For a monatomic gas such as helium, there are only the three translational degrees of freedom, so $$f = 3.$$ Therefore, for each mole of helium, we have

$$C_{v,\text{He}} = \dfrac{3}{2}\,R.$$

A hydrogen molecule ($$\text{H}_2$$) is di-atomic and is stated to be rigid in the question, which means it possesses three translational and two rotational degrees of freedom, giving $$f = 5.$$ Hence, for each mole of hydrogen,

$$C_{v,\text{H}_2} = \dfrac{5}{2}\,R.$$

Now we form the mixture.
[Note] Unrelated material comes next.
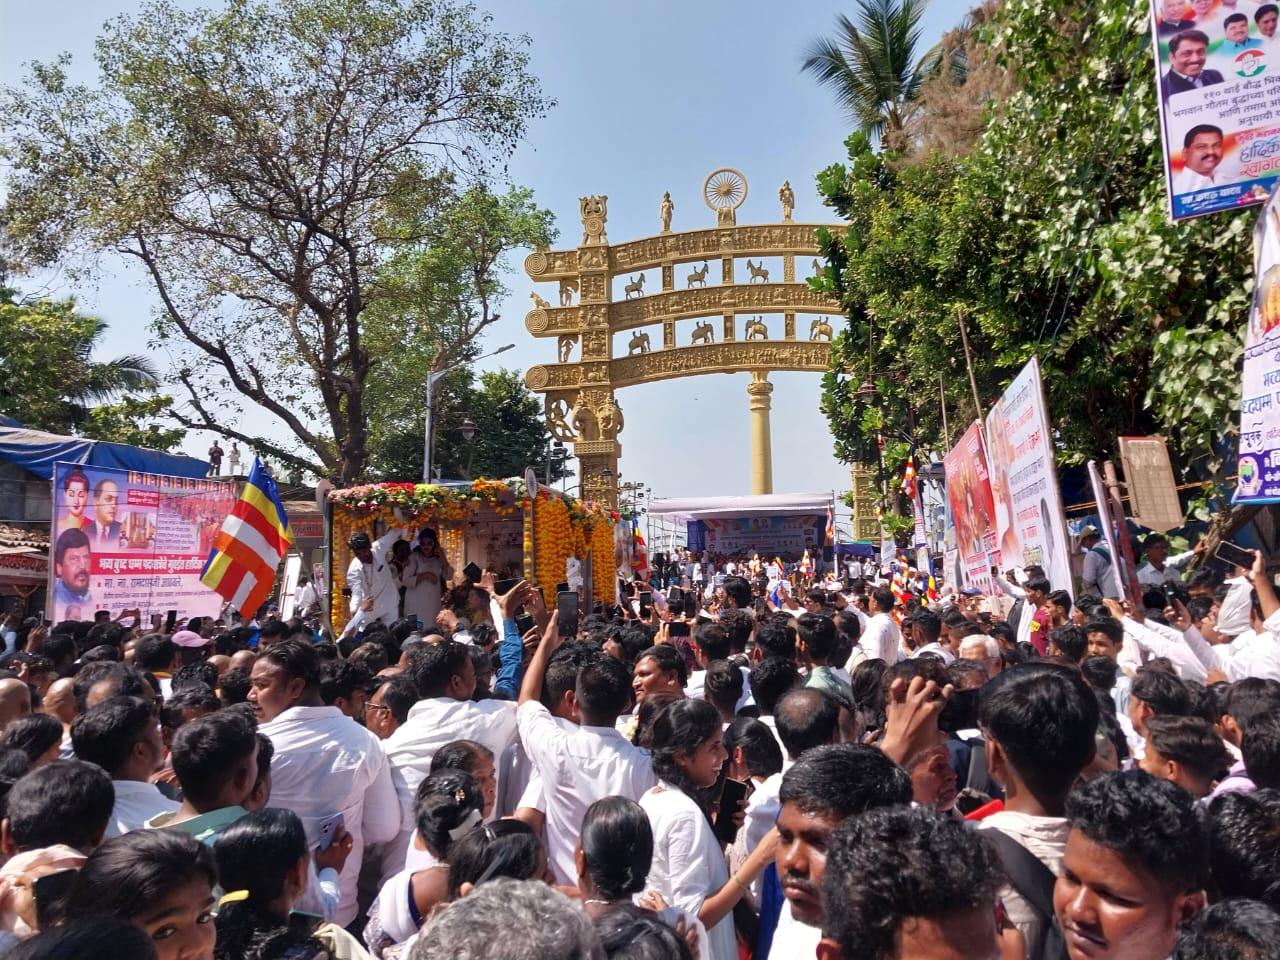 The 'Grand Dhamma Walk' travelled from Parbhani via Jalna, Aurangabad, Nashik, Thane, to reach Dadar in Mumbai on Wednesday

The numbers of moles are:

Helium: $$n_{\text{He}} = 2,$$   Hydrogen: $$n_{\text{H}_2} = 3.$$

The total heat capacity of the mixture at constant volume is the sum of the individual contributions:

$$C_V^{\text{(total)}} \;=\; n_{\text{He}}\,C_{v,\text{He}} \;+\; n_{\text{H}_2}\,C_{v,\text{H}_2}.$$

Substituting the values just obtained, we get

$$\begin{aligned} C_V^{\text{(total)}} & = 2\left(\dfrac{3}{2}\,R\right) + 3\left(\dfrac{5}{2}\,R\right) \\ & = 2 \times \dfrac{3}{2}\,R + 3 \times \dfrac{5}{2}\,R \\ & = 3R + \dfrac{15}{2}\,R \\ & = 3R + 7.5R \\ & = 10.5R. \end{aligned}$$

The mixture contains a total of

$$n_{\text{total}} = n_{\text{He}} + n_{\text{H}_2} = 2 + 3 = 5 \text{ moles}.$$

The required quantity is the molar specific heat of the mixture, defined as

$$C_v^{\text{(mix)}} = \dfrac{C_V^{\text{(total)}}}{n_{\text{total}}}.$$

Substituting the numbers:

$$\begin{aligned} C_v^{\text{(mix)}} & = \dfrac{10.5R}{5} \\ & = 2.1R. \end{aligned}$$

We are given $$R = 8.3 \text{ J mol}^{-1}\text{K}^{-1},$$ so

$$\begin{aligned} C_v^{\text{(mix)}} & = 2.1 \times 8.3 \\ & = 17.43 \text{ J mol}^{-1}\text{K}^{-1}. \end{aligned}$$

This numerical value matches closest with the option $$17.4 \text{ J/mol K}.$$

Hence, the correct answer is Option A.